Figure 3. Results of single-factor analysis affecting OS. (a) Effect of local response rate on OS: Patients with complete response (CR) and partial response (PR) had a significantly better prognosis than those with stable disease (SD) and progressive disease (PD). (b) Effect of combination chemotherapy on OS. (c) Effect of tumor staging on OS.
Table 3. Log-rank one-way analysis of factors affecting OS.
Table 4. Multi-factor analysis of Cox affecting OS.
Discussion
Traditional systemic chemotherapy and radiotherapy are often used in patients with advanced PC. Local treatments, including stereotactic radiotherapy (SBRT), radiofrequency ablation (RFA), irreversible electroporation (IRE), HIFU, and regional intra-arterial chemotherapy are also used in the management of patients with advanced pancreatic cancer [Citation11–13]. Combination chemotherapy regimens are the standard of care for advanced disease; however, these regimens are associated with substantial toxicity [Citation14]. A meta-analysis showed that the survival rates in patients with advanced pancreatic cancer have minimally improved using different chemotherapy regimens [Citation15]. Local treatments can achieve some therapeutic effects, including SBRT, radiofrequency ablation (RFA), and IRE; however, these methods also have drawbacks.

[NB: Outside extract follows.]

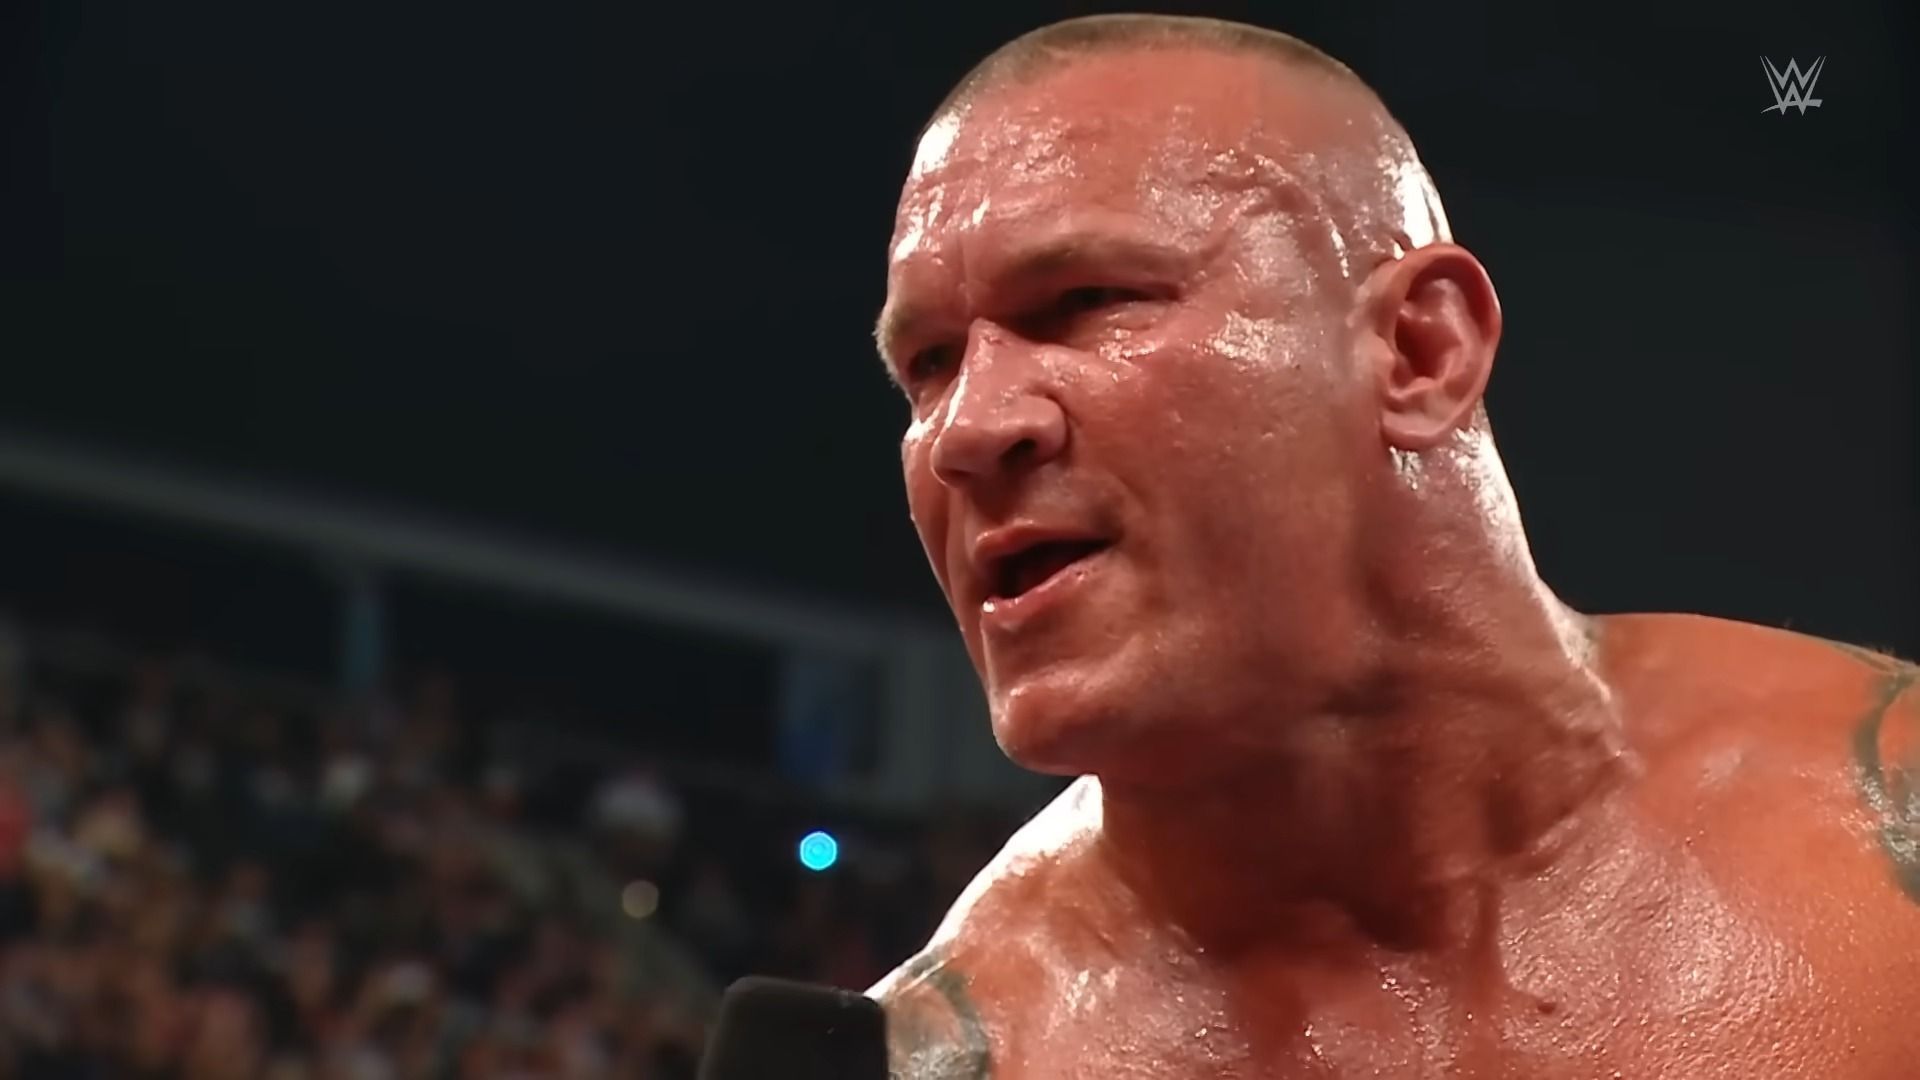 The Viper Randy Orton [ Image Source: Screenshot from WWE

SBRT can lead to radiation-related complications [Citation16]. RFA is a common method of thermal ablation that is contraindicated for small tumors with a perivascular growth pattern, because a safety margin of at least 5 mm from the ablation zone is necessary, to avoid thermal damage to vital structures [Citation17]. IRE can be used to treat tumors adjacent to vascular structures but it is a relatively complex and expensive technique, with high risk, requiring careful evaluation of patients before the procedure [Citation11]. HIFU is a noninvasive thermal ablation treatment that causes cell destruction and tissue necrosis mainly through thermal and mechanical effects [Citation18]. A previous study showed that the energy used in HIFU does not have a significant effect on blood vessels larger than 200 μm in diameter, which is an important basis for the implementation of this treatment in patients with advanced pancreatic cancer with encapsulated tumors adjacent to large vessels [Citation19]. In this study, HIFU was performed safely. The most common adverse effect was pain in the treated area, and none of the patients required specific treatment for the pain or showed serious complications. Post-HIFU CT or MRI revealed a non-perfused volume (defined as ablated volume) in every lesion of pancreatic cancer, and the patients reported significant pain relief after HIFU treatment.
Cancer pain is an important factor that affects the quality of life of patients with advanced pancreatic cancer. A pancreatic cancer network health survey reported that 93% of patients experienced pain, of which 83% experienced moderate or severe pain [Citation20]. Effective pain relief is the main objective of treatment for advanced pancreatic cancer. Previous studies have reported significant pain relief in patients with pancreatic cancer after HIFU treatment [Citation21, Citation22]. The pain relief may be caused by the heat generated by HIFU in the focal area, which induces tumor necrosis, thus eliminating pressure on the nerves and relieving pain. In addition, HIFU treatment partially or completely blocks the pain transmission pathway by directly destroying the tumor-invaded abdominal plexus to achieve pain relief [Citation23, Citation24]. Cavitation or acoustic pressure can temporarily modify cell morphology, causing dysfunction of membrane proteins and stretch-activated ion channels, resulting in an imbalance in cation influx and subsequent alteration of membrane potential. These changes alter neuronal excitability and propagation of action potentials, with pain palliation achieved by neuromodulation of noxious stimuli in the central or peripheral nervous system [Citation25]. The patients in this study showed significant pain relief after HIFU therapy, with an overall relief rate of 98.53%, and the pain-relieving effect peaked within 3 days postoperatively and lasted for 3 months before gradually decreasing thereafter. This is consistent with the findings of other studies in which pain was usually relieved 1–2 days after HIFU treatment and the analgesic effect lasted for an average of 10 weeks [Citation8]. However, the pain gradually returned to pretreatment levels 5–6 months after treatment. The short-term nature of this pain relief may be explained by the fact that HIFU is currently a local, palliative treatment for pancreatic cancer, and the cases in this study all involved advanced tumors; as the tumor developed further and grew, it compressed the nerves again. Therefore, HIFU treatment for pancreatic cancer should deliver more energy to achieve better long-term results with a large no-perfusion volume (NPV). In addition, three patients in this study underwent HIFU treatment again, 6 months after the first, suggesting that this treatment can be repeated for patients with advanced pancreatic cancer without severe adverse effects.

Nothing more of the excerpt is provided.